The evaluation indicators adopt RSME and MAPE. In order to avoid the influence of different dimensions on the model, the passenger flow data have been normalized. From the data in Table 1, compared with the single models CNN, LSTM, and BILSTM, the RMSE of CNN-LSTM is reduced by 0.188, 0.159, 0.003, respectively, and the MAPE is reduced by 12.6%, 11.6%, and 2.6%, respectively. Compared with the CNN-LSTM and FCN-ALSTM models, the ACLB model has reduced RMSE by 0.024 and 0.022, and MAPE reduced by 1.3% and 1.5%, respectively.

Table 1. Model performance evaluation (passenger flow prediction result when h = 1)

Therefore, the ACLB model effectively reduces reduce the error of passenger flow forecast and improves the accuracy.

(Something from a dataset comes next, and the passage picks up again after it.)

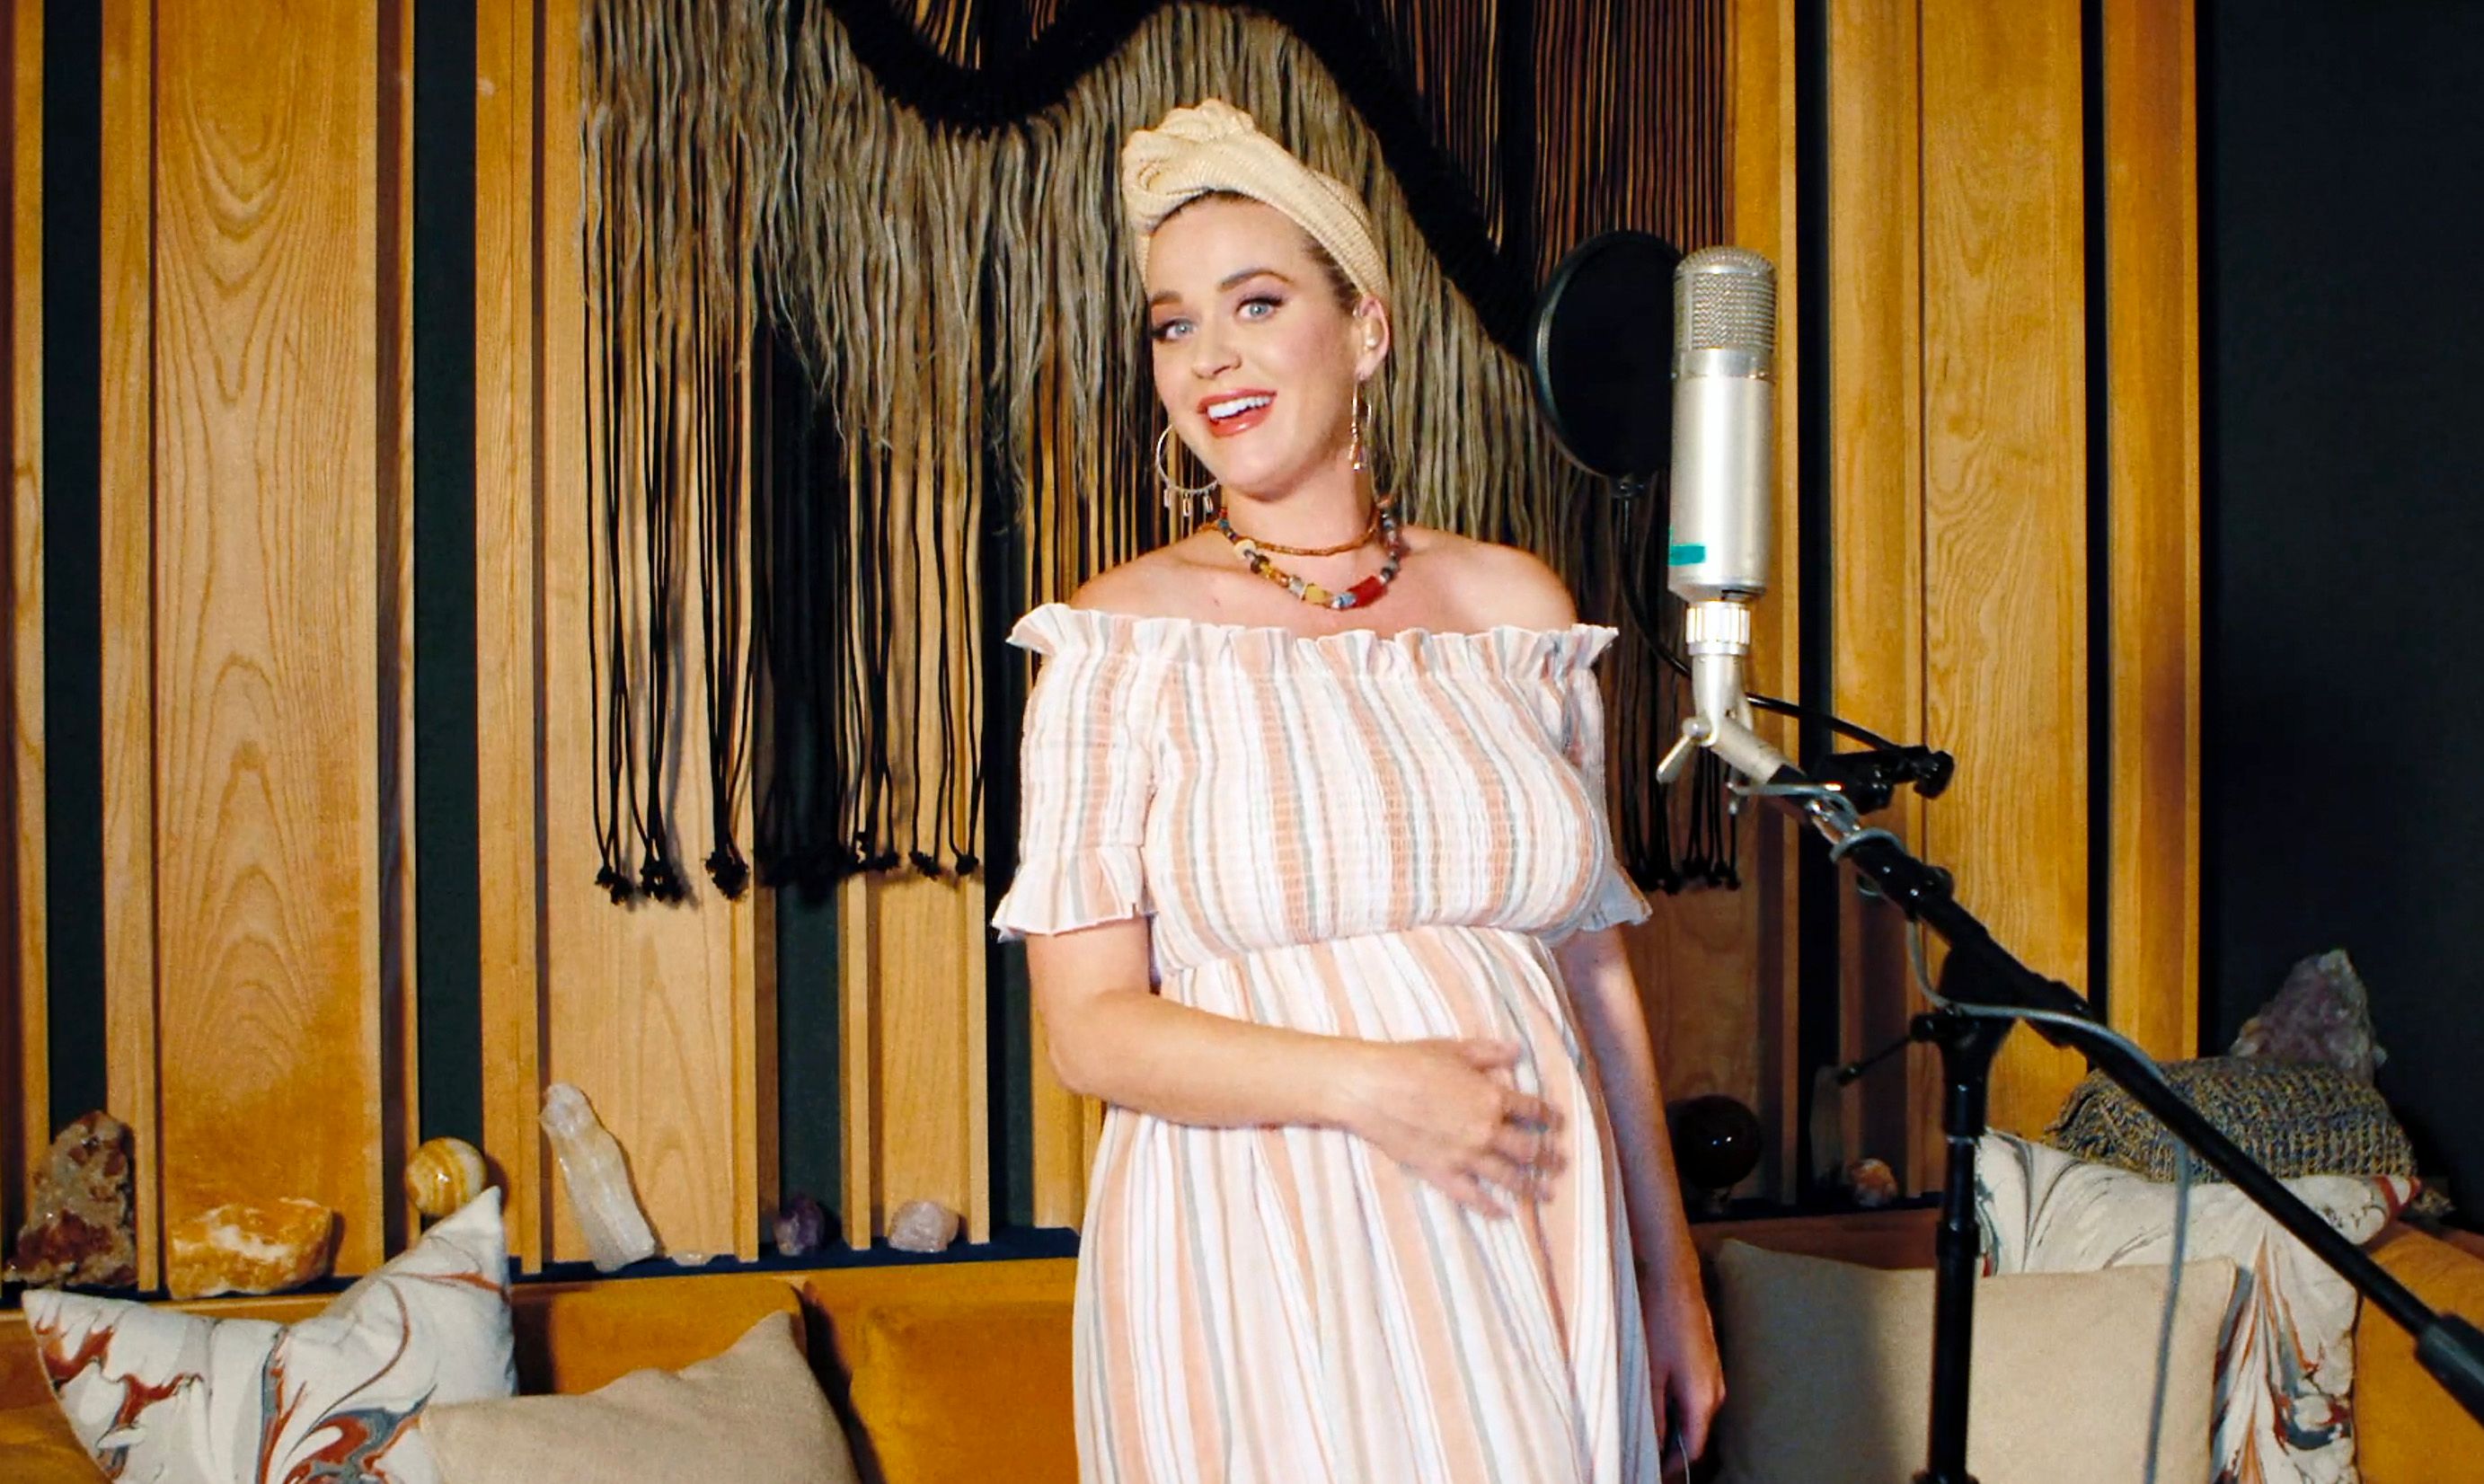 Katy Perry performs during SHEIN Together Virtual Festival to benefit the COVID-19 Solidarity Response Fund for WHO powered by the United Nations Foundation on May 09, 2020. | Source: Getty Images

Figure 5(a)–(e) is the RMSE comparison chart of ACLB and all models for each period from December 29 to 31.

Fig. 5.
figure 5

ACLB and LSTM, BILSTM, CNN, CNN-LSTM, FCN-ALSTM RMSE comparison chart. Passenger flow data has been normalized, so RMSE has no unit

5 Conclusion

In this article, we propose a new model ACLB for passenger flow prediction. In order to evaluate the performance of the ACLB model, in the experiment we used the ACLB model and other models to predict the passenger flow in the next hour. The experimental results show that the ACLB model works well. However, the data set in this article is only a small sample of data. In the next step, we will verify the performance of the ACLB model on a larger range of data sets.